Ridge regression is a model tuning method that’s used to analyse any data that suffers from multicollinearity. This method performs L2 regularization. When the problem of multicollinearity occurs, least-squares are unbiased, and variances are large, this leads to predicted values being distant from the actual values.

The associated fee function for ridge regression:

Lambda is the penalty term. λ given here is denoted by an alpha parameter within the ridge function. So, by changing the values of alpha, we’re controlling the penalty term. The upper the values of alpha, the larger is the penalty and due to this fact the magnitude of coefficients is reduced.

- It shrinks the parameters. Subsequently, it’s used to stop multicollinearity
- It reduces the model complexity by coefficient shrinkage
- Try the free course on regression evaluation.

**Ridge Regression Models **

For any sort of regression machine learning model, the standard regression equation forms the bottom which is written as:

Where Y is the dependent variable, X represents the independent variables, B is the regression coefficients to be estimated, and e represents the errors are residuals.

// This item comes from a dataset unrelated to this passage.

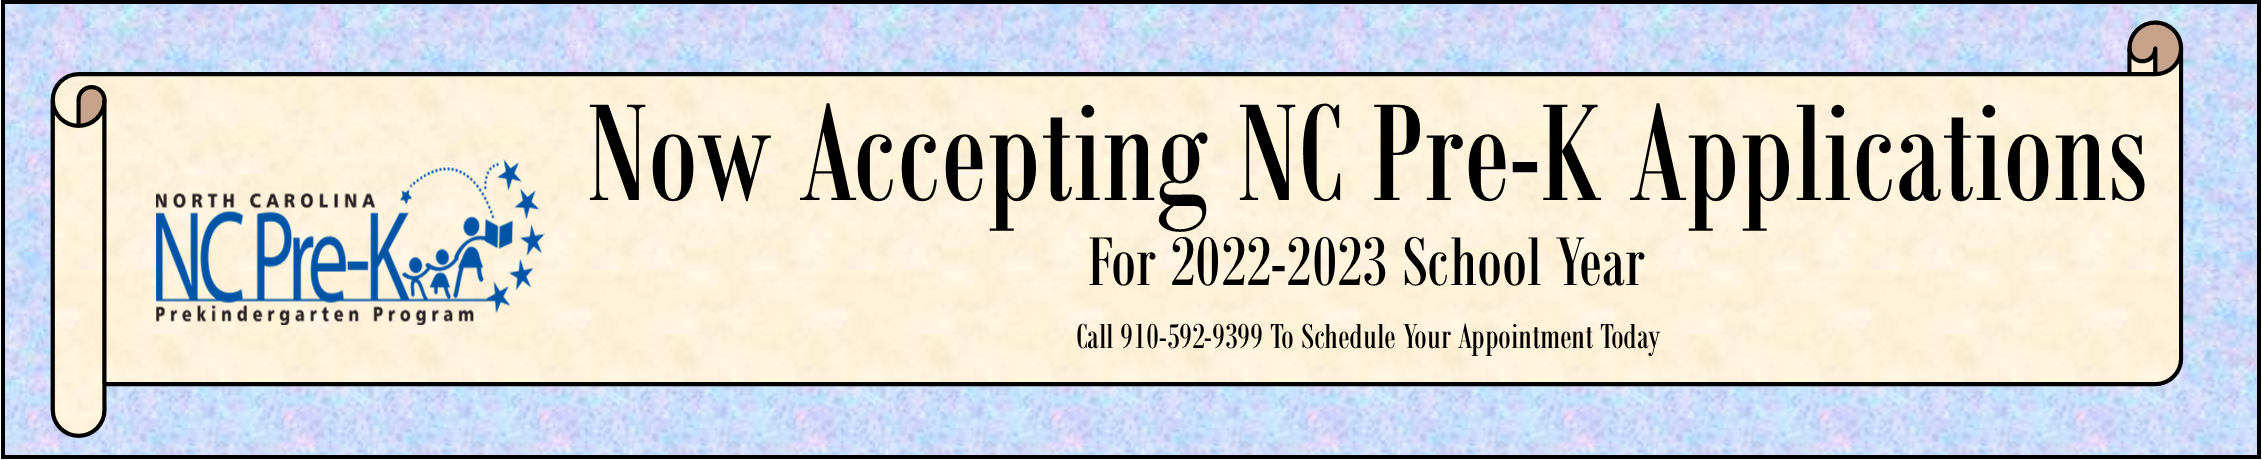 Now Accepting NC Pre-K Applications For 2022-2023 School Year Home Page Banner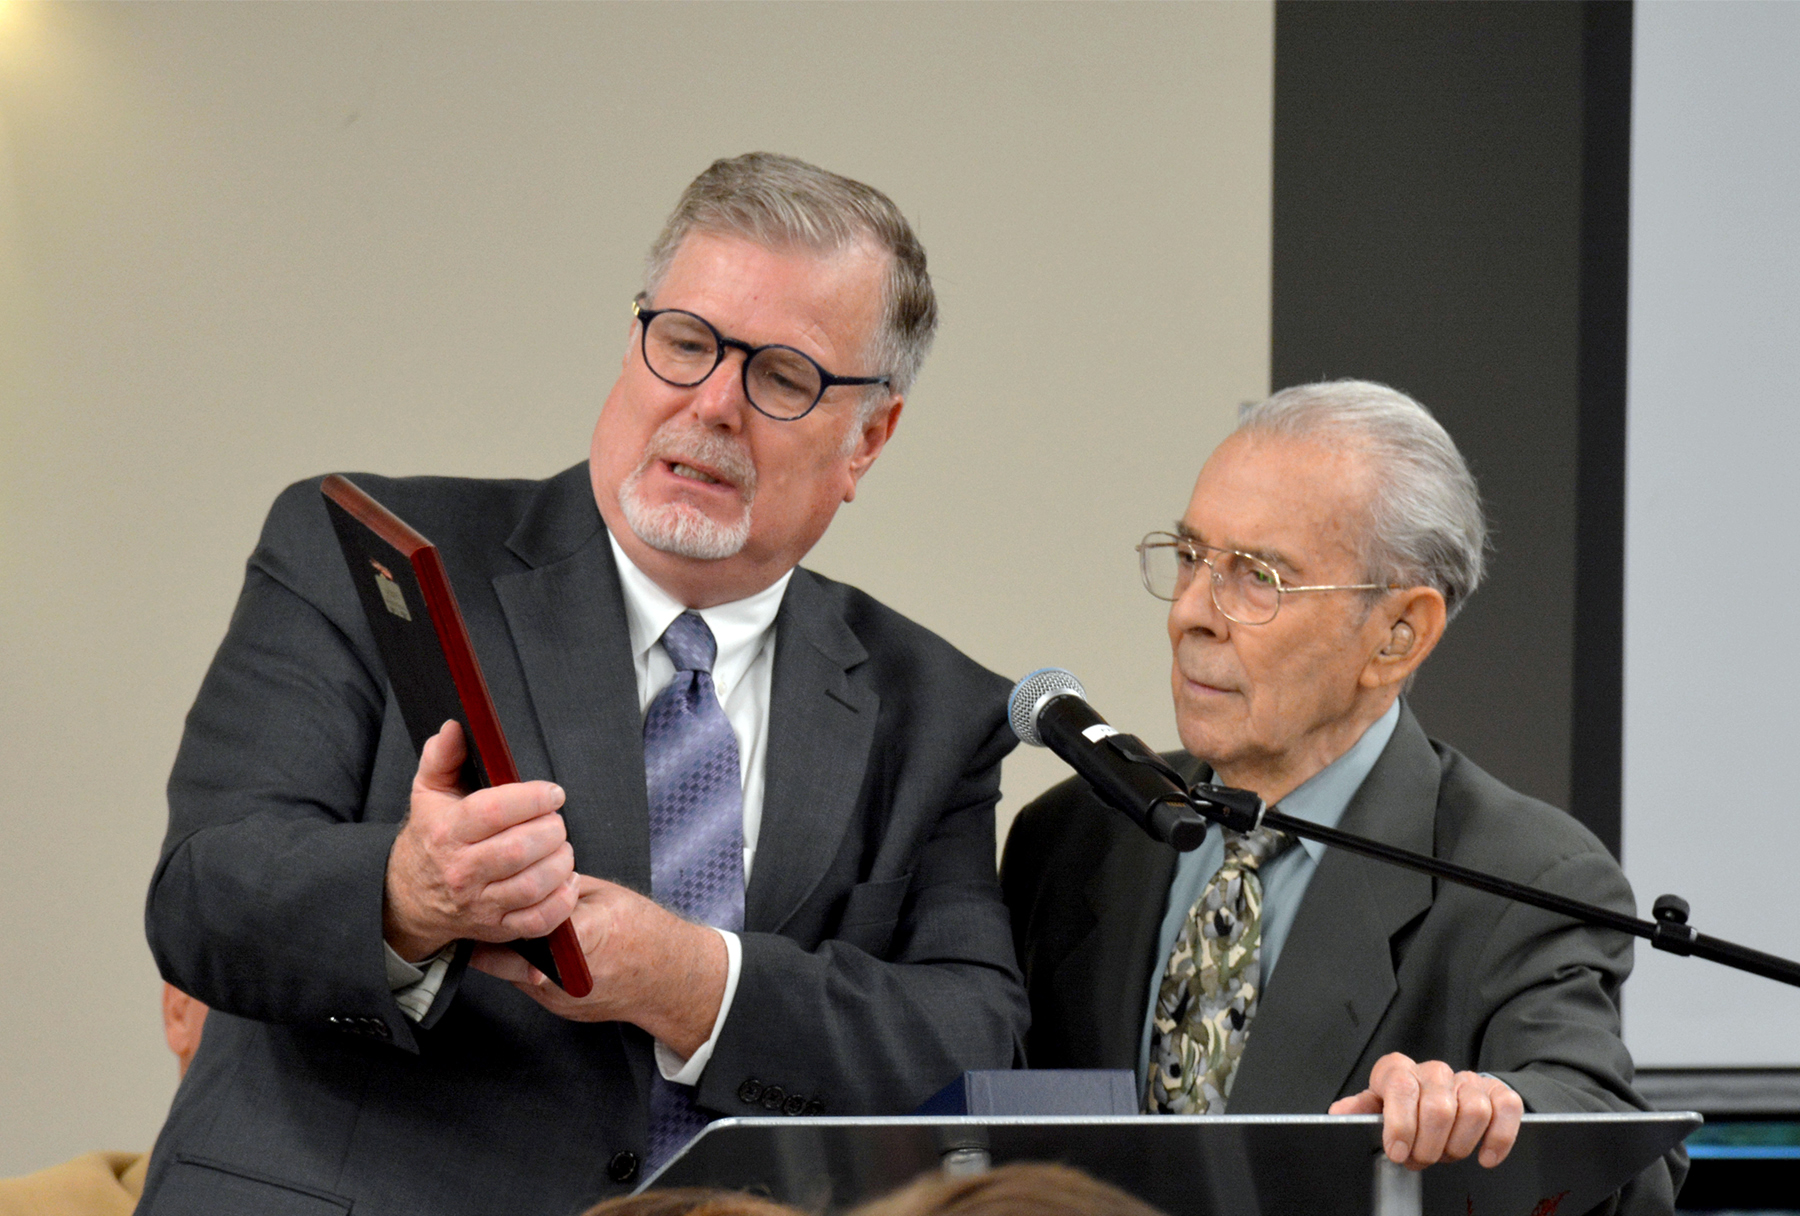 Dale Galusha, president of Pacific Press, reads a commemorative plaque given to Paul Damazo, founder and executive director of the Literature Ministry, for bringing the new Literature Ministry Distribution and Training Center from dream to fulfillment.

Once we add the lambda function to this equation, the variance that is just not evaluated by the overall model is taken into account. After the info is prepared and identified to be a part of L2 regularization, there are steps that one can undertake.

**Standardization **

In ridge regression, step one is to standardize the variables (each dependent and independent) by subtracting their means and dividing by their standard deviations. This causes a challenge in notation since we must someway indicate whether the variables in a specific formula are standardized or not. So far as standardization is anxious, all ridge regression calculations are based on standardized variables. When the ultimate regression coefficients are displayed, they’re adjusted back into their original scale. Nonetheless, the ridge trace is on a standardized scale.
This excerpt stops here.